The base R sum function will be used as is.

sum(x)

Summing in Parallel

For parallelization, the doParallel package will provide the interface to base R’s parallel package as described in Weston and Calaway (2014). The split approach used to allocate data amongst various batches is taken from a StackOverflow post (O’Hanlon, 2013). Finally, the base R foreach function is used to to iterate over the batches and dispatch them to the parallelizer (Team, 2014).

parallelSum <- function(x) {
  
  items <- length(x)
  batches <- detectedCores * 4
  batchSets <- split(x, rep(1:batches, length.out=items))
  
  finalSum <- foreach(b=iter(batchSets, by='row'), .combine="+") %dopar% sum(b)
  
  return (finalSum)
}

Performance Experiment

Using the functions described above, a microbenchmark experiment is excuted as shown in the following code. Powers of ten (10) are used to measure differences in magnitude of vector size up to 10 million, with 5 executions per size. The results are saved in a data.frame for use in visualization and the appendix.
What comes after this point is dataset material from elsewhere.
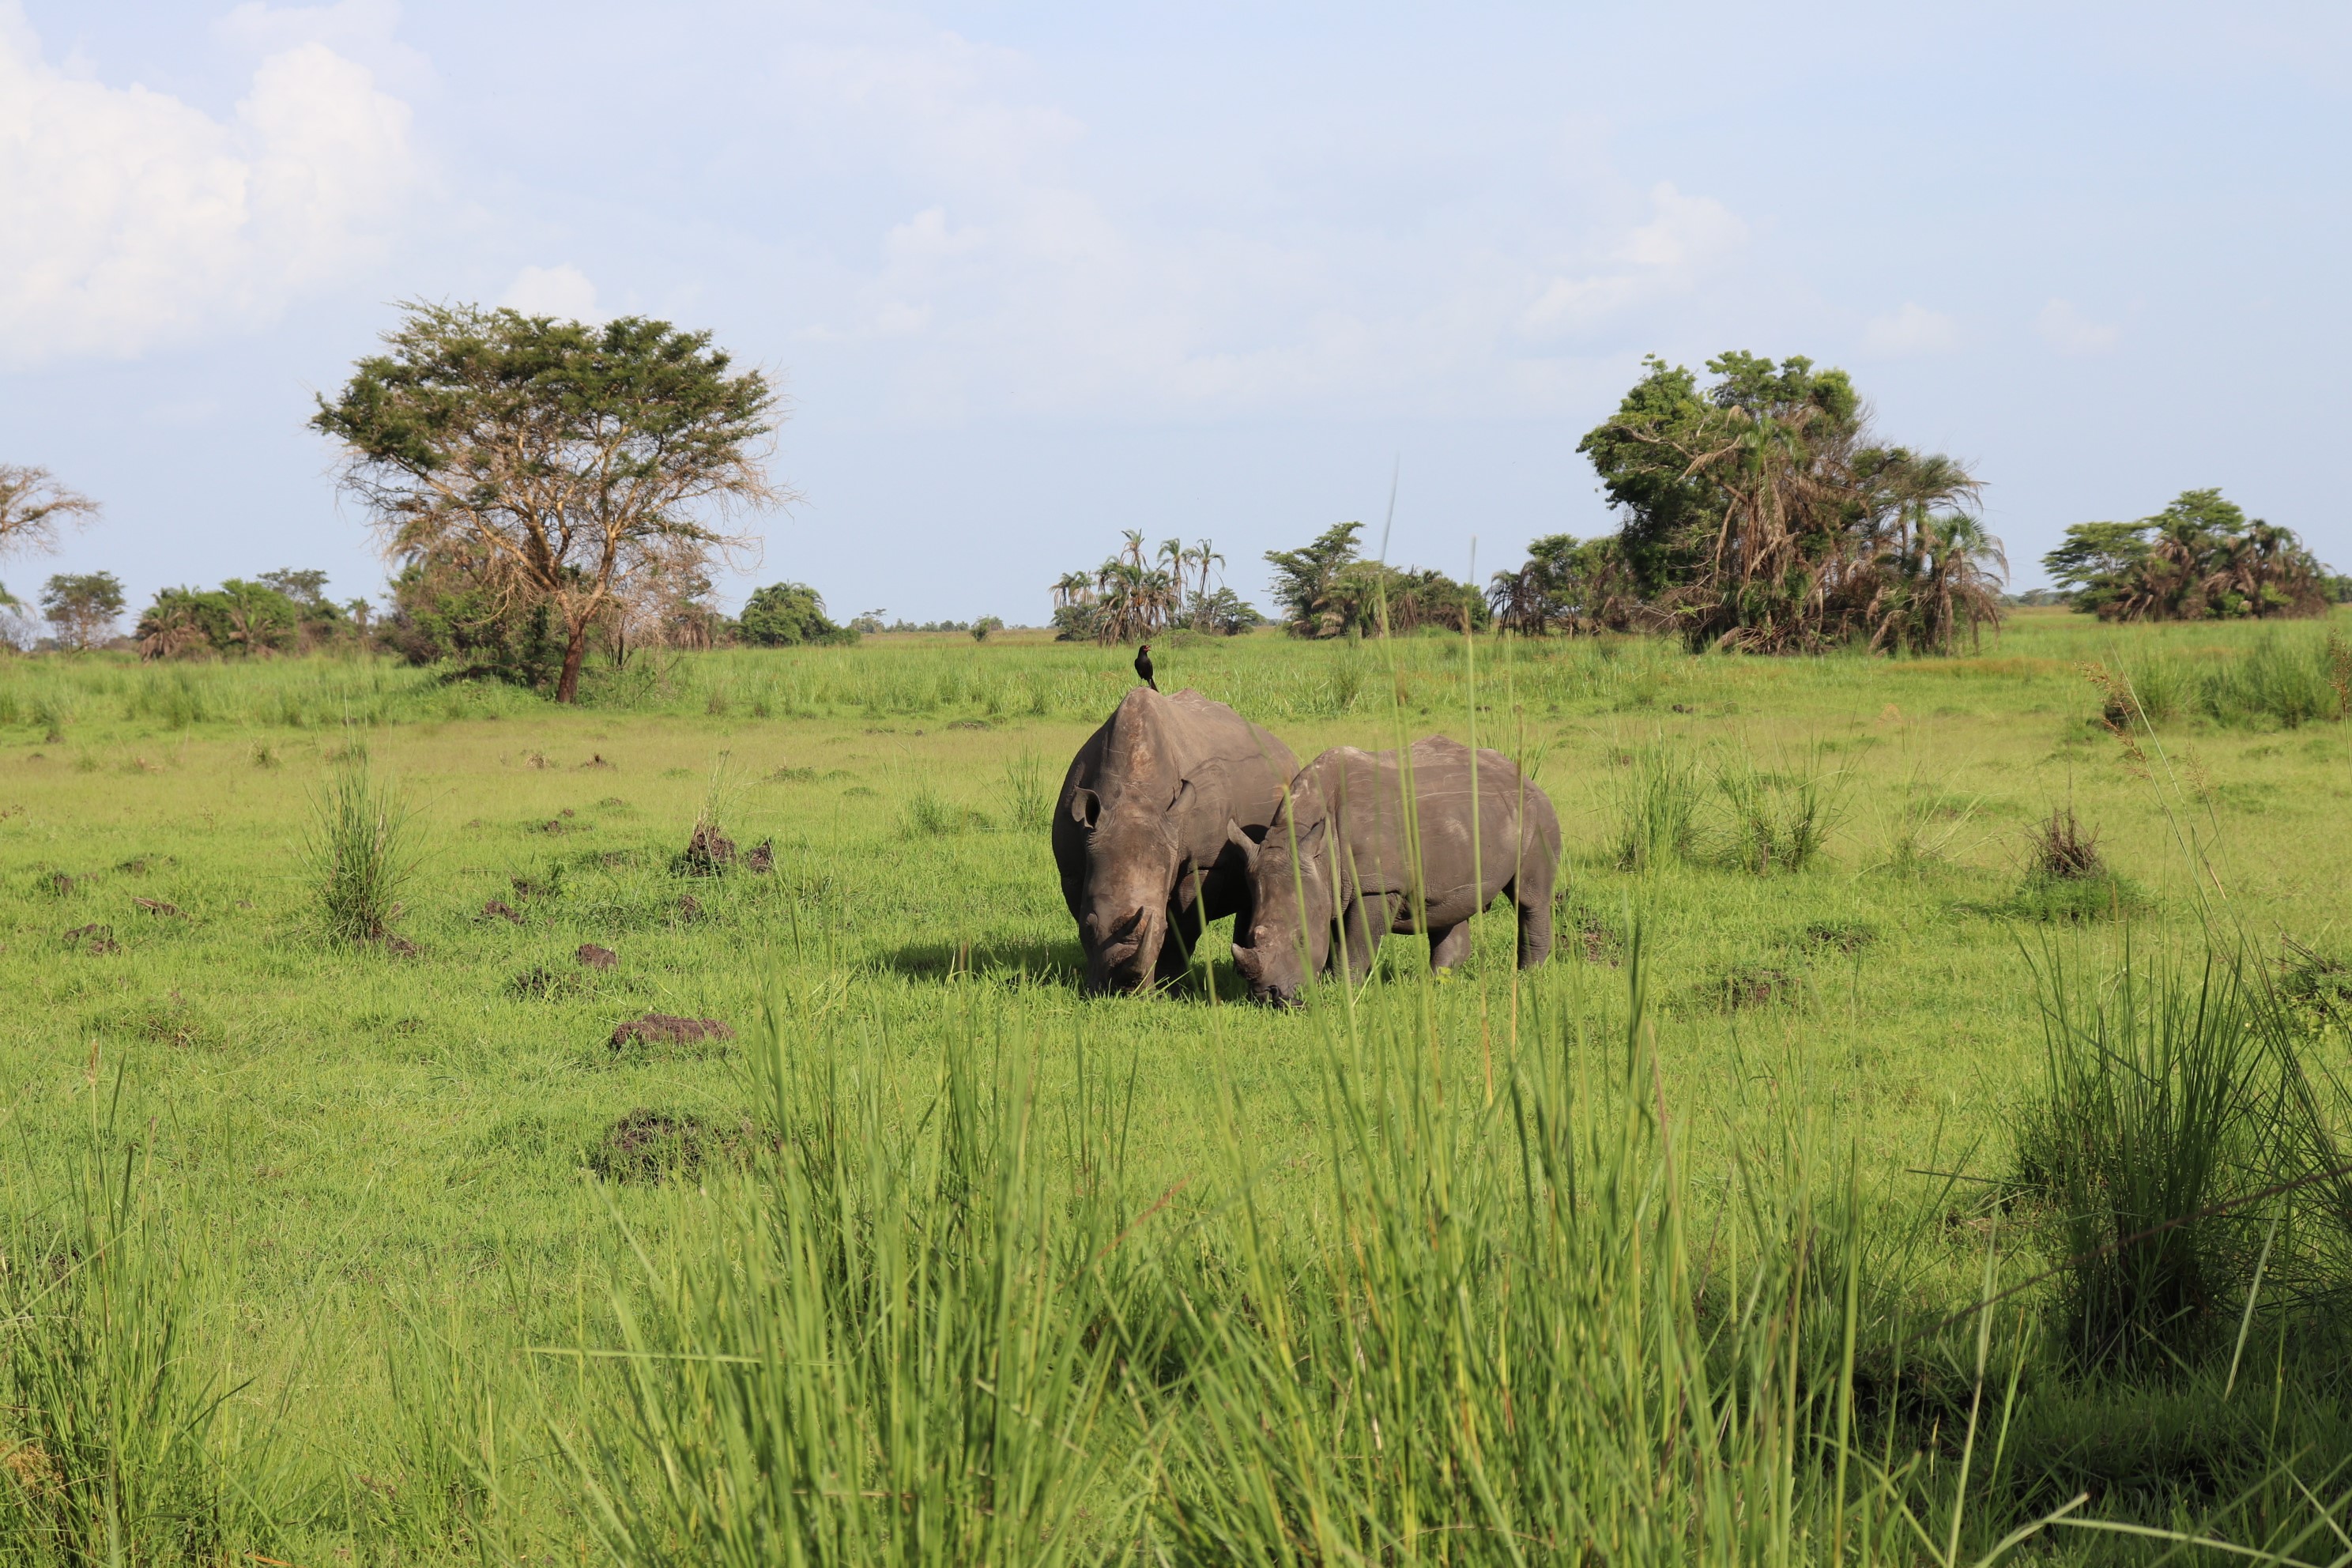 Two rhinos at Ziwa Wildlife Sanctuary, Uganda.

setSize <- c(1, 2, 3, 4, 5, 6, 7, 8)
resultsDF <- data.frame()

# Loop through the set sizes and perform sub-experiment
for(s in setSize) {
  size <- 10 ^ s
  a <- sample(1:20, size, replace=TRUE)
  
  # Validate
  checkSum <- as.integer(sum(a))
  forSum <- as.integer(forLoopSum(a))
  stopifnot(identical(forSum, checkSum))
  stopifnot(identical(parallelSum(a), checkSum))
  
  # Run performance test
  results <- microbenchmark::microbenchmark(forLoopSum(a), 
                                            sum(a), 
                                            parallelSum(a), 
                                            times=5, unit="ms")
  
  # Save results
  agSum <- summary(results)
  agSumPlus <- data.frame(agSum, count = 10 ^ s) 
  
  resultsDF <- rbind(resultsDF, agSumPlus)
}

Results

The following chart shows the execution times for the various summation techniques.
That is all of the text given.